**Dataset content:**
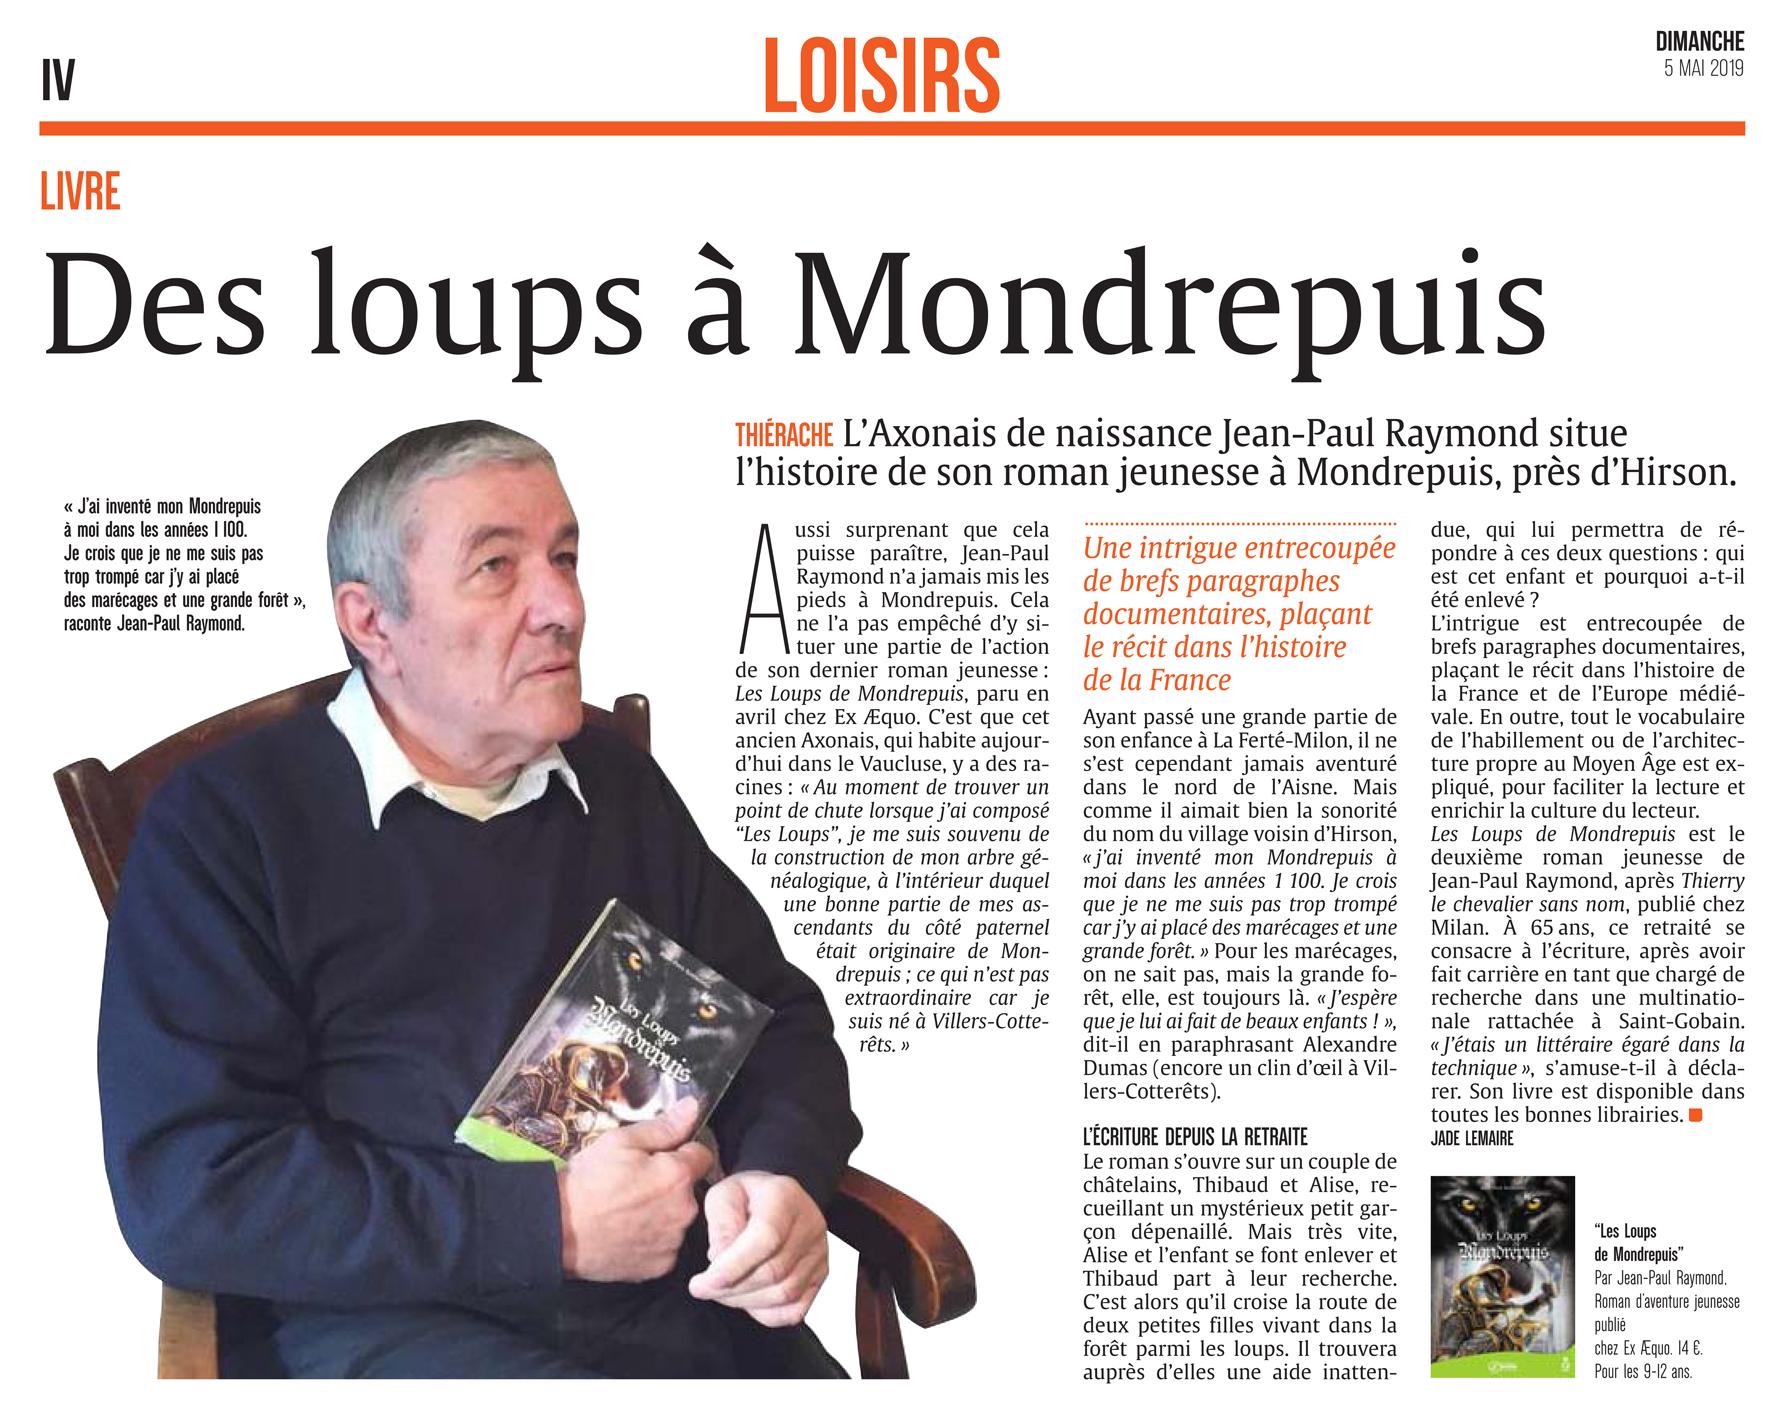 Les loups de Mondrepuis-article l'Union
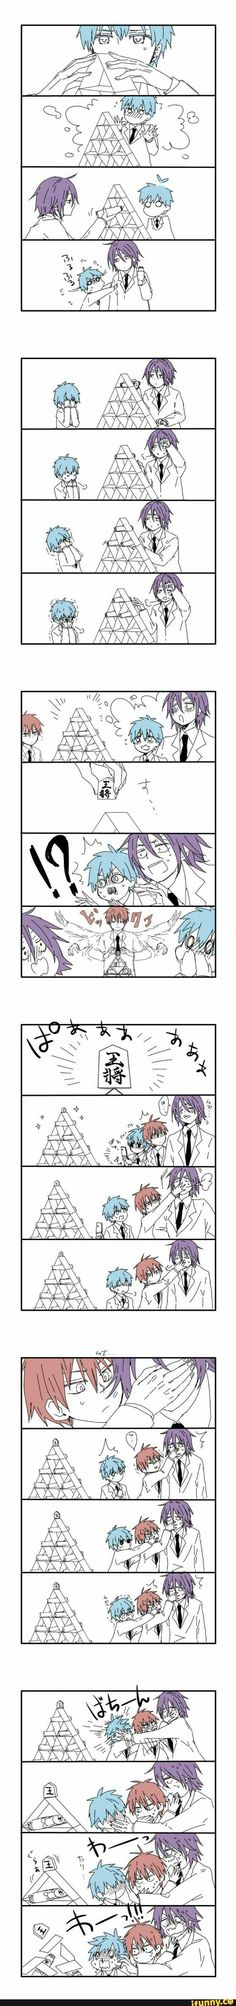 Kuroko, Murasakibara & Akashi
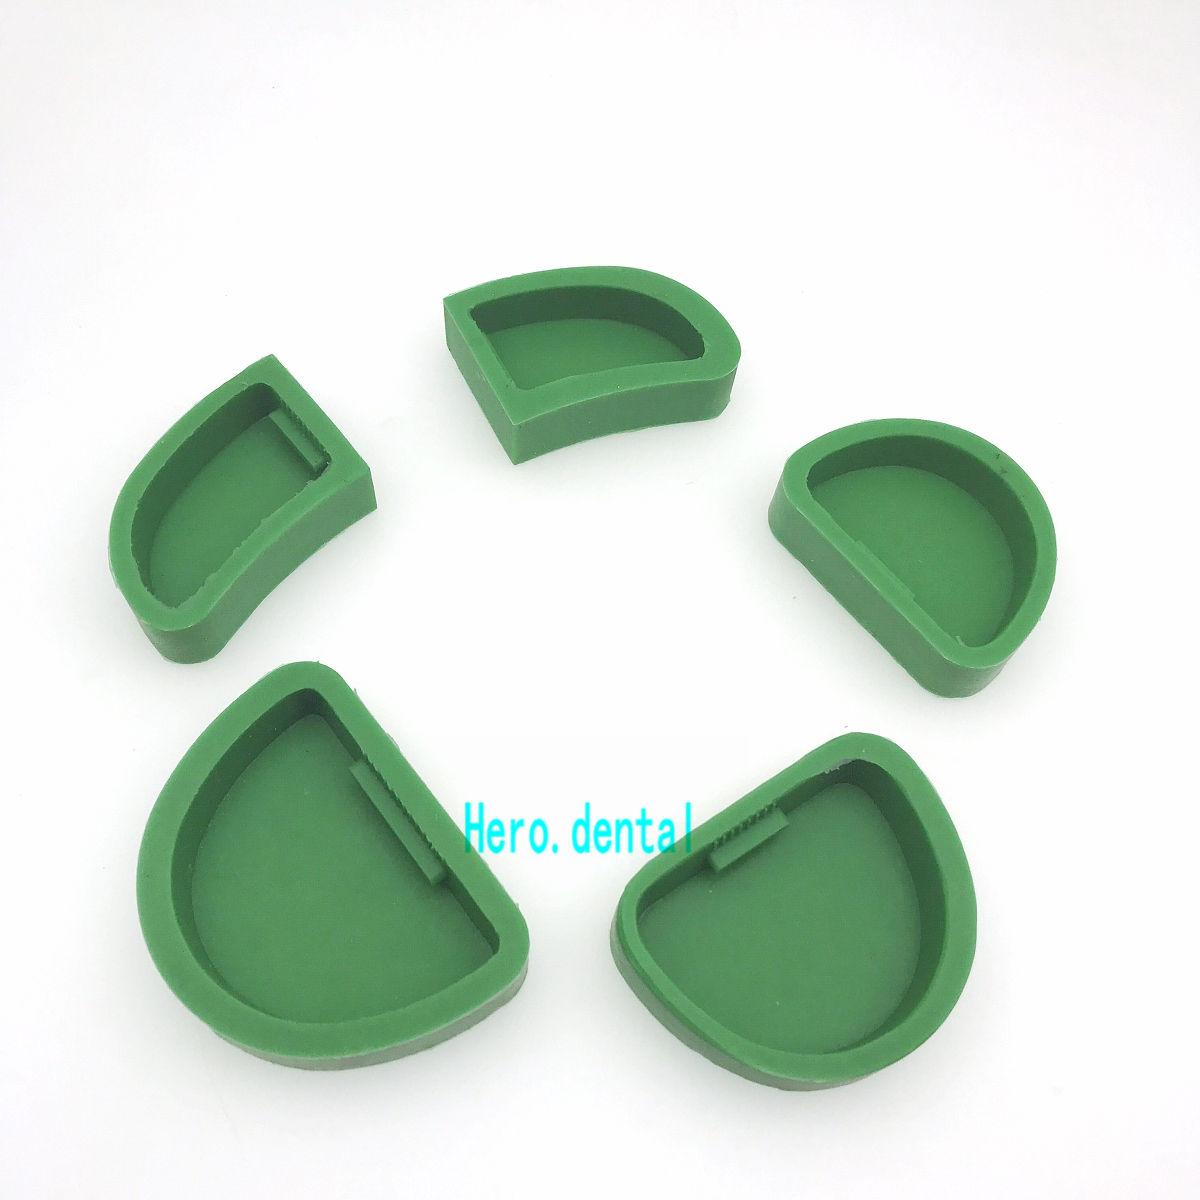 5Pcs Dental Lab Silicone Plaster Model Former Base Molds Mould On Stone Model Work

**The task:**
Your copy of the data should match it exactly, apart from the images, which are omitted.

**Output of the task:**
 Les loups de Mondrepuis-article l'Union
 Kuroko, Murasakibara & Akashi
 5Pcs Dental Lab Silicone Plaster Model Former Base Molds Mould On Stone Model Work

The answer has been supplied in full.